Insights & Advice


Now What?

After this week’s stupendous rally, the logical question to ask is what happens next? Do stocks continue to move higher? Is it time to take profits? How do you navigate the future when there are still so many unknowns ahead of us?

Let’s start with this week’s events. European leaders did announce a broad plan to save the continent although, as expected, the plan is sorely lacking in details. As I wrote last week in “”She said, he said”, Europe, by promising a fix sometime in the near future, can mollify the markets until such time as they actually do come up with a workable deal. Clearly, the markets gave their seal of approval to that strategy this week.

As important as the Euro Zone statement was, an equally positive development this week was the release of third quarter GDP, up 2.5% (and last quarter was revised upward to 1.6%). Those numbers clearly take any possibility of recession off the table for now. This is important because, for me, a recession would have indicated further downside in the markets to possibly the 950 level on the S&P 500 Index. No recession effectively removes that risk for the remainder of this year.

Next year is another story. If we continue to see little if any movement from politicians in Washington, then the risk is we simply postpone a recession until later next year. But that is still months away. Let’s stick with the here and now.

With Europe tackling their problems to some degree (see yesterday’s column “Europe: a train on the right track”) and our economy still growing slowly, the markets are right back where they were at the beginning of the summer. The markets effectively dropped 20% and then rebounded to roughly the same level.

Most likely, we will experience a bout of profit-taking soon, maybe this week or next and then trade in a tight range over the next month or so before experiencing a typical Christmas rally. In my opinion, we still have further upside this year but not much, maybe 5-10%. Readers recall that I advised remaining long the market through the last few weeks. I advise holding on for now.

For months I have urged investors to remain in defensive plays such as dividend yielding stocks/funds as well as income generating bond funds, whether high yield or investment grade. Granted these investments may not have garnered you the kind of gains that high tech stocks or banking shares delivered this week, but you probably lost less in the decline.

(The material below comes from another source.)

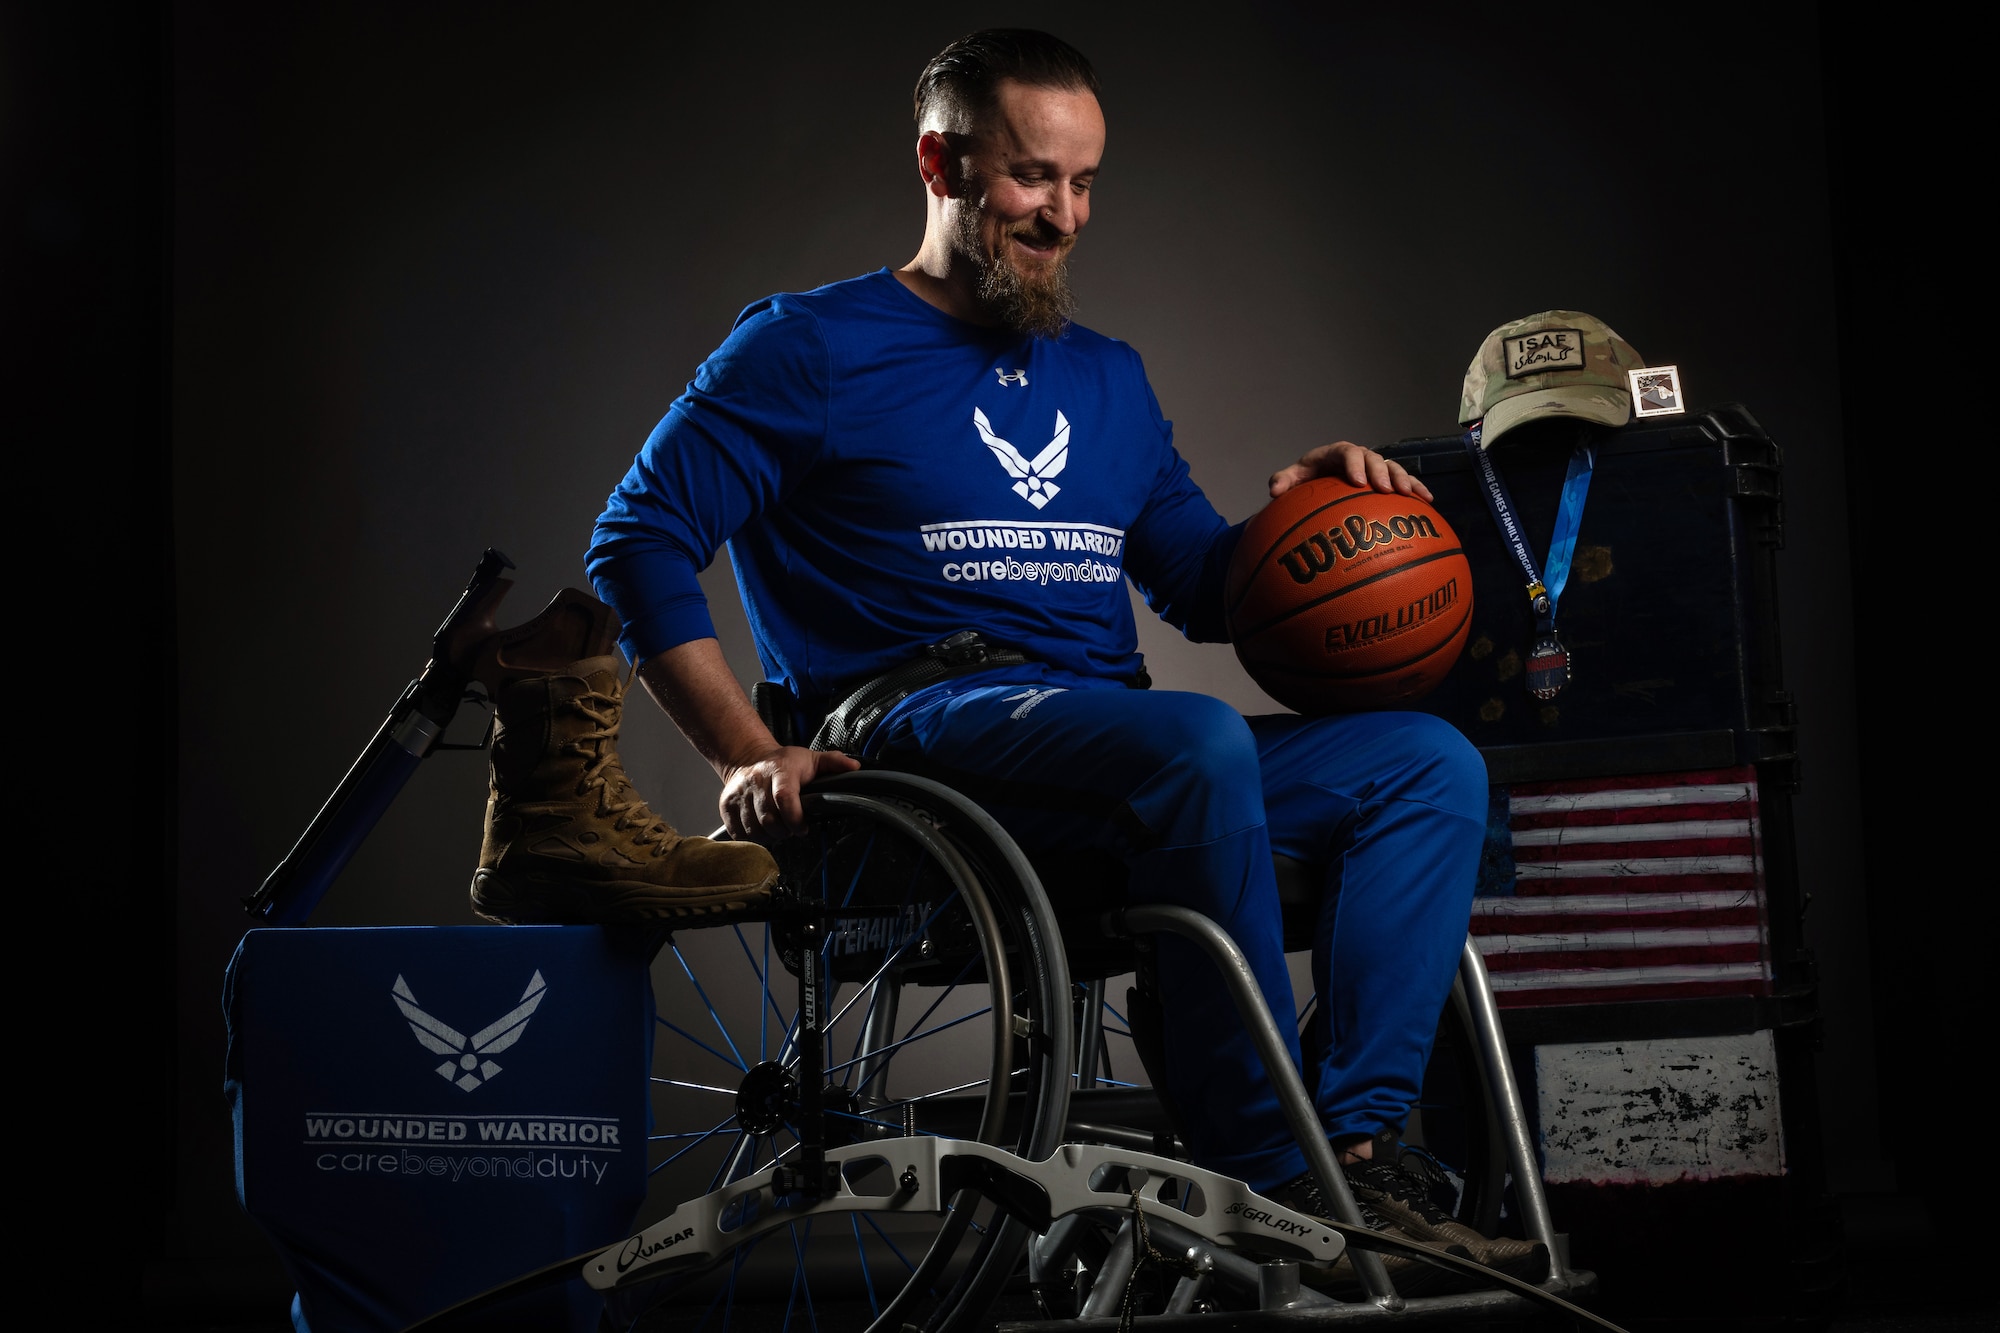 James Phelps, a prior U.S. Air Force technical sergeant who has four Afghanistan deployments, sits in his wheelchair surrounded by wounded warrior sports memorabilia at Joint Base Elmendorf-Richardson, Alaska, May 17, 2023. Phelps spent most of his career as an integrated avionics craftsman with the 211th and 212th Rescue squadrons and said the strain of war, combat deployments, Post-traumatic Stress Disorder and the suicide of his best friend brought him to a low point in his life. His wife, the Fisher House Foundation and the Warrior Games intervened. "I met some amazing souls as I let go of the shame I held for not having reached 20 active-duty years," Phelps said. "I learned compassion, which allowed me to let go of resentment in regards to my military service. Most impressively, we started to heal.” He continues to compete in the Wounded Warrior Games and strongly advocates for struggling service members to reach out for help. "You are not alone," he said. (U.S. Air Force photo by Justin Connaher)

I still think those are good investments for this kind of environment.  In the meantime, I expect investors’ focus to shift back to the U.S. to some degree. Here, the next big date will be at the end of November, when the nation’s Super Committee will either fail or succeed in agreeing on further cuts to the nation’s deficit. Frankly, given the partisan politics, I am not holding my breath for a breakthrough in negotiations.

Whether you like it or not, I believe President Obama should be given a gold star for his efforts this week. Despite continued Congressional refusal to pass anything that might help the economy, the President has managed to circumvent the “Do Nothings” and throw a lifeline to Vets, to students, and to over one million families in desperate need of refinancing their homes. Although not the final solution to our economic problems, his efforts will reduce the pain and chip away at theses problems. No one else in Washington seems to care.